Configuring 2 Graphics Cards for Vegas

TETI wrote on 7/10/2003, 12:29 PM
I'm new to Vegas and PCs (coming over from the MAC world) and want to extend my desktop with a 3rd monitor. I'm running Windows XP Pro with an ATI Radeon 9700 Pro card supporting 2 LCD panels. I have a Radeon 7000 card to which I want to attach a third screen. ATI does not offer tech support on dual card setups and I've gotten no response from the RAGE 3D forum. Does anyone know how to do this?

Thanks,
John

Comments

Chienworks wrote on 7/10/2003, 12:37 PM
Since you're already set up for multiple screens, the third should be available and used automatically as soon as Windows recognizes it. All you should have to do is install the card, install the drivers, and connect a monitor. After that you'll have three displays in your desktop instead of two. Windows allows up to nine displays, so three won't be a problem.
TETI wrote on 7/10/2003, 1:51 PM
I tried this but Windows only recognized the 7000 card.

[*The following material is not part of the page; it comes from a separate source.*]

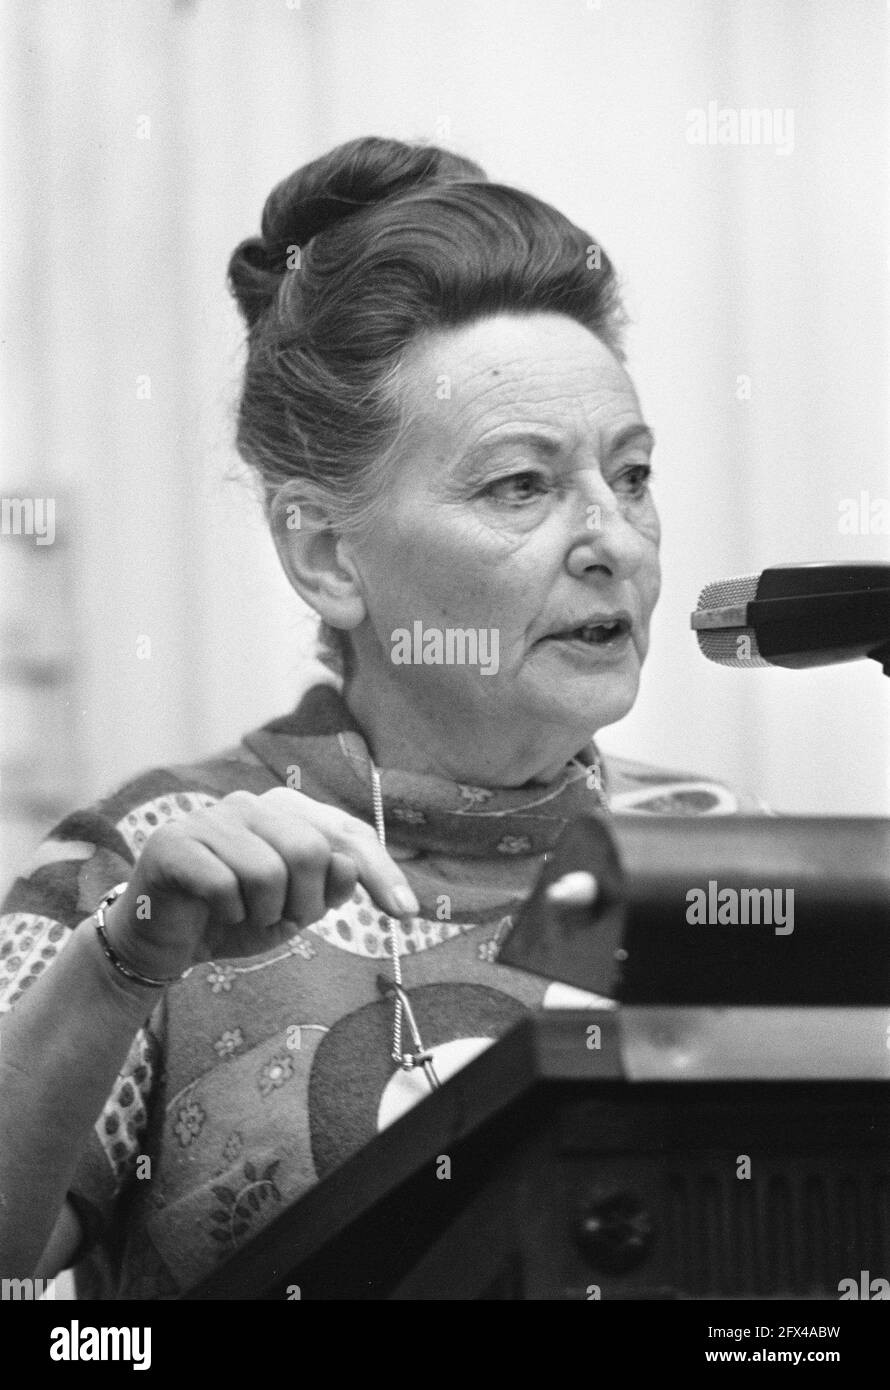 Debate on price freeze in House of Representatives, Gerda Brautigam, November 23, 1972, parliamentary debates, politics, price fixing, The Netherlands, 20th century press agency photo, news to remember, documentary, historic photography 1945-1990, visual stories, human history of the Twentieth Century, capturing moments in time Stock Photo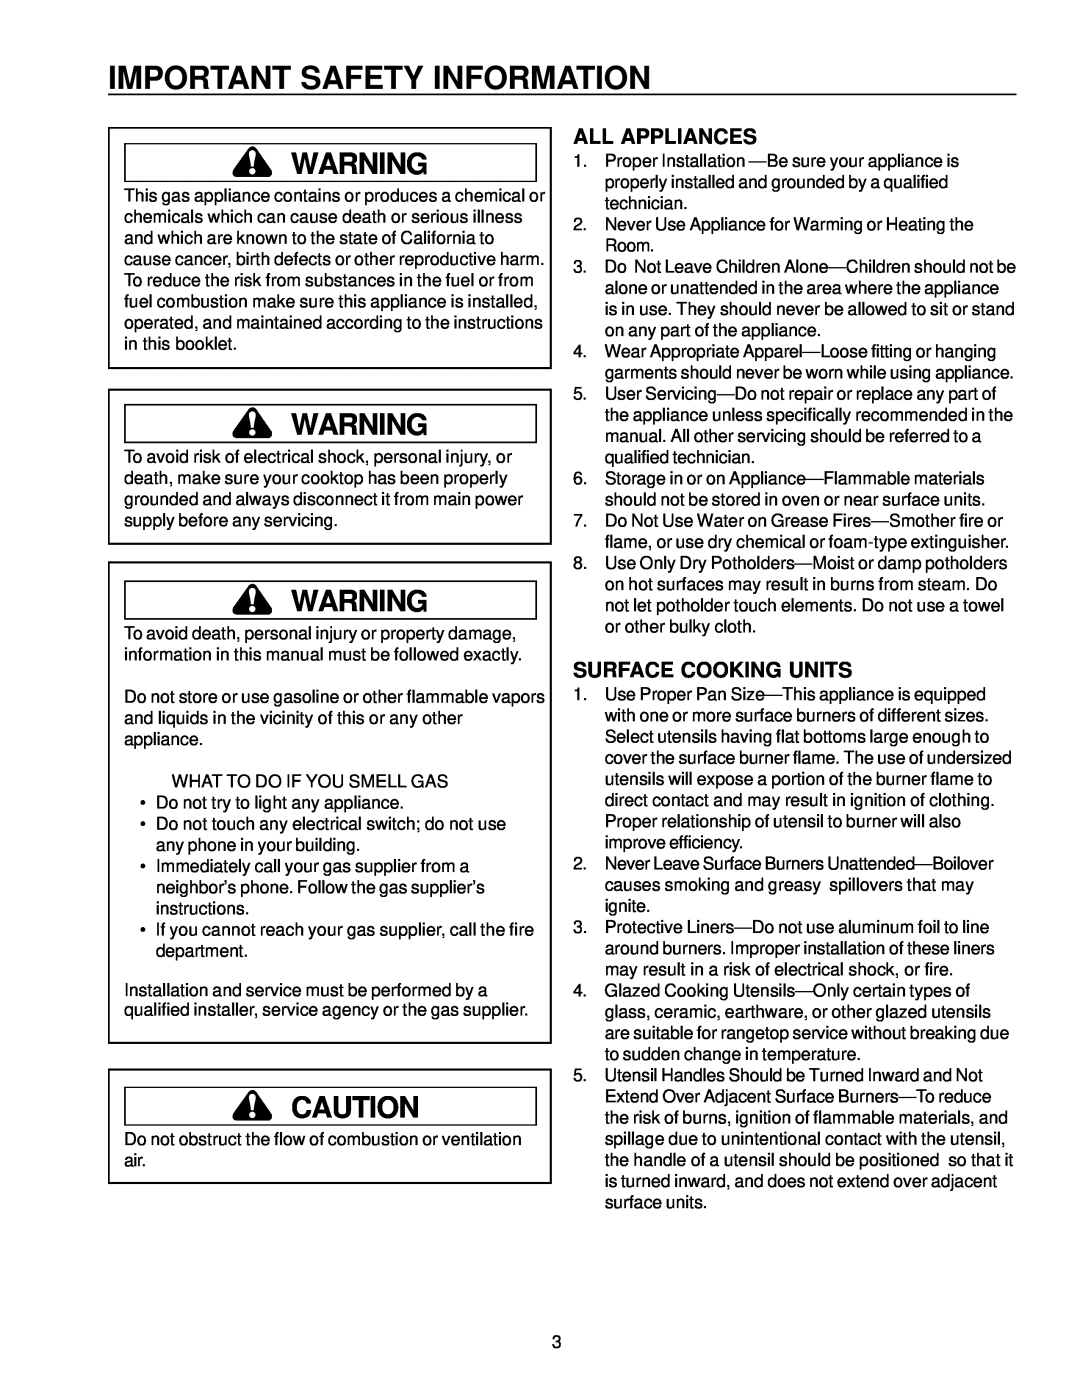 Amana AKS3020 owner manual Important Safety Information, All Appliances, Surface Cooking Units

In Device Manager the 2 displays on the 9700 were x'd out. What did I do wrong? Do I have to install the 7000 driver before installing the card?

Thanks,
John
swampler wrote on 7/10/2003, 2:10 PM
Did you try putting the video card in a different slot?
TETI wrote on 7/10/2003, 2:49 PM
Not yet Steve. My experience is that the slot next to the AGP slot is the preferred place for additional cards. Was I misinformed? PC's are still mysterious beasts to me.

Thanks,
John
Chienworks wrote on 7/10/2003, 8:15 PM
Weird. Sorry, don't know what to tell you. We had a Matrox G400 dualhead card in an AGP slot which provided two displays. We put a G450 dualhead card in the PCI slot right beneath the AGP slot, booted up the computer and Windows said we had four displays. That was the entire installation procedure. Of course, in our case both cards used the same drivers. I don't know if that's the case with those two ATI cards.

Generally, the card in the PCI slot will be the primary video adapter and the card in the AGP slot will become the secondary adapter. It's possible that your BIOS is set to only access the primary card. There may be a BIOS setting somewhere you can change to activate a secondary card.
shogo wrote on 7/11/2003, 12:29 PM
No the AGP slot and the PCI slot closest to the AGP card allmost always use the same IRQ's. Though WINXP handles IRQ'S much better than Win9X I would recommend you put it on the second or third PCI slot's. When you look at the device property's of the 9700 card what does it say in the device manager I bet they are conflicting IRQ's or IO range's. see if that helps any.
TETI wrote on 7/11/2003, 12:57 PM
I checked with my system builder and discovered that, because of some troubleshooting we had done previously, the BIOS was set to see the PCI graphics card as primary. I changed it to AGP primary and the three displays now show up.